In drug-related processes such as drug discovery, drug side-effect prediction and drug repurposing, the interaction between drugs and targets (proteins) is very important. Drugs effect on targets (proteins) by altering the pharmaceutical functions of targets, such as enzymes, ion channels, G protein-coupled receptors (GPCRs), and nuclear receptors. DTIs analysis requires costly and time-consuming experiments. In this regard, CP-based approaches have been used to narrow down the search space and also reduce the cost and time of experiments.

In this paper, CP based on chemogenomic methods in DTI is used. It was shown that the use of similarity matrices in this application provides the best performance compared to the other methods. Also, we presented that the use of unifying of graph regularized nuclear norm with bilinear factorization can be very effective in predicting DTI. In this paper, the proposed method on four datasets based on three different cross-validation settings is compared with six state-of-the-art methods. The results show a better performance of the proposed method. In general, the superiority of the proposed method can be expressed as follows:

  • There is a trade-off parameter between the loss function and the low-rank regularization as λ in the NNM approach which is induced by the nuclear norm. The use of low-rank priors to many applications has been developed by these models where Z (in Eq. (3)) is low rank but its rank is not known a priori. These models also have multiple problems despite their convexity and theoretical guidelines for the choice of λ [9]. First, it is unclear how to impose a certain rank in Z: adjusting λ so Z has a predetermined rank usually produces unpleasant results than imposing it directly in Eq. (3) in many works.
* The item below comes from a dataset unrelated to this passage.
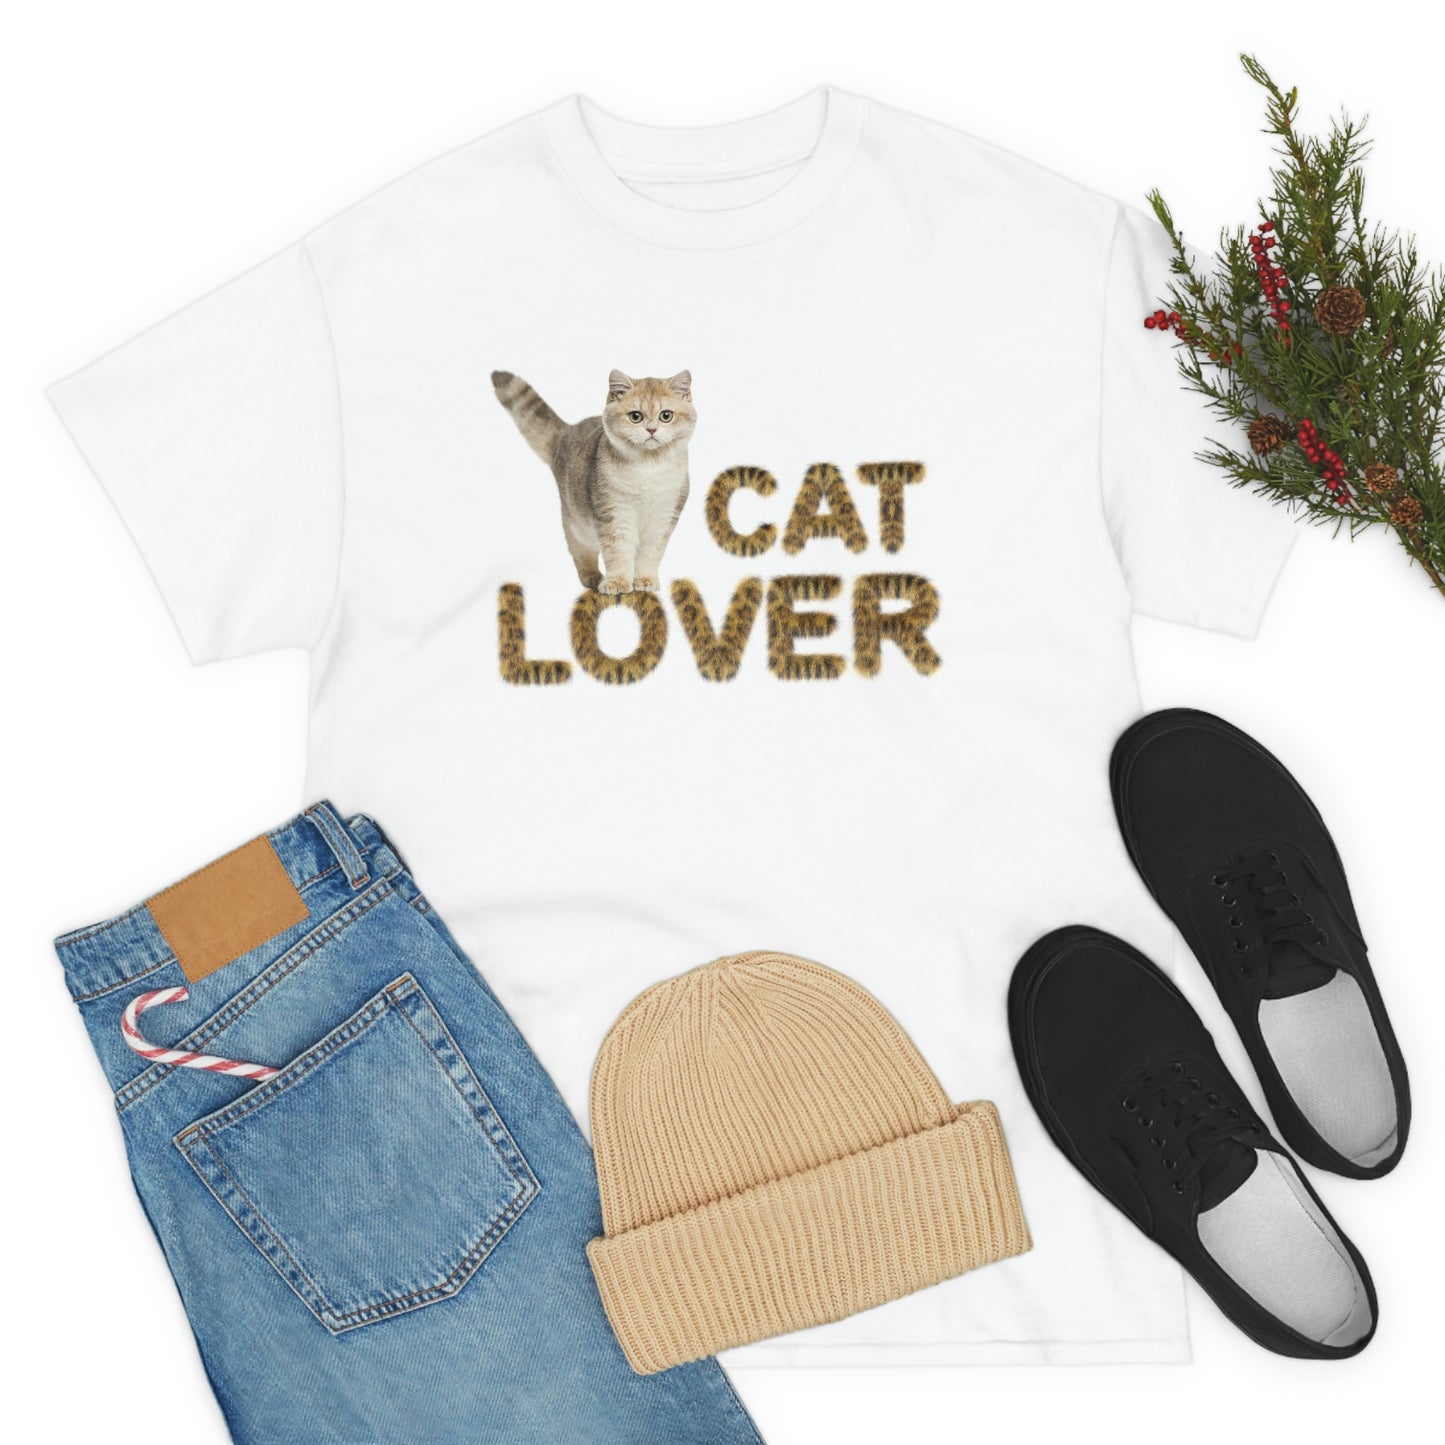 Cat Lover cute kitten (cat) design Graphic tee shirt

Second, it is impossible to obtain the Z factorization in Eq. (7) Causes not use the “kernel trick”. Third, Eq. (7) is a Semidefinite Program (SDP). Off-theshelf SDP optimizers just divide into hundreds of variables, not amenable to the high dimensionality typically found in DTI problems. While many studies improve this issue, they still perform an SVD of Z in each iteration and make them disproportionate for managing dense and large-scale datasets. This paper indicates many nuclear norms regularized problems of the form (7) which can be optimized with a bilinear factorization of Z = UVT by using the variational definition of the nuclear norm. In this paper, a unification of traditional bilinear factorization and nuclear norm approaches under one formulation in DTI applications have been proposed. Based on this result, we can analyze the conditions that both methods are equal and offer the best solution when they are not. This article explains how the proposed method can be used in DTI application. In the reference [9], the method based on nuclear norm regularization has been used. The optimization equations of the proposed method and its solution are expressed differently.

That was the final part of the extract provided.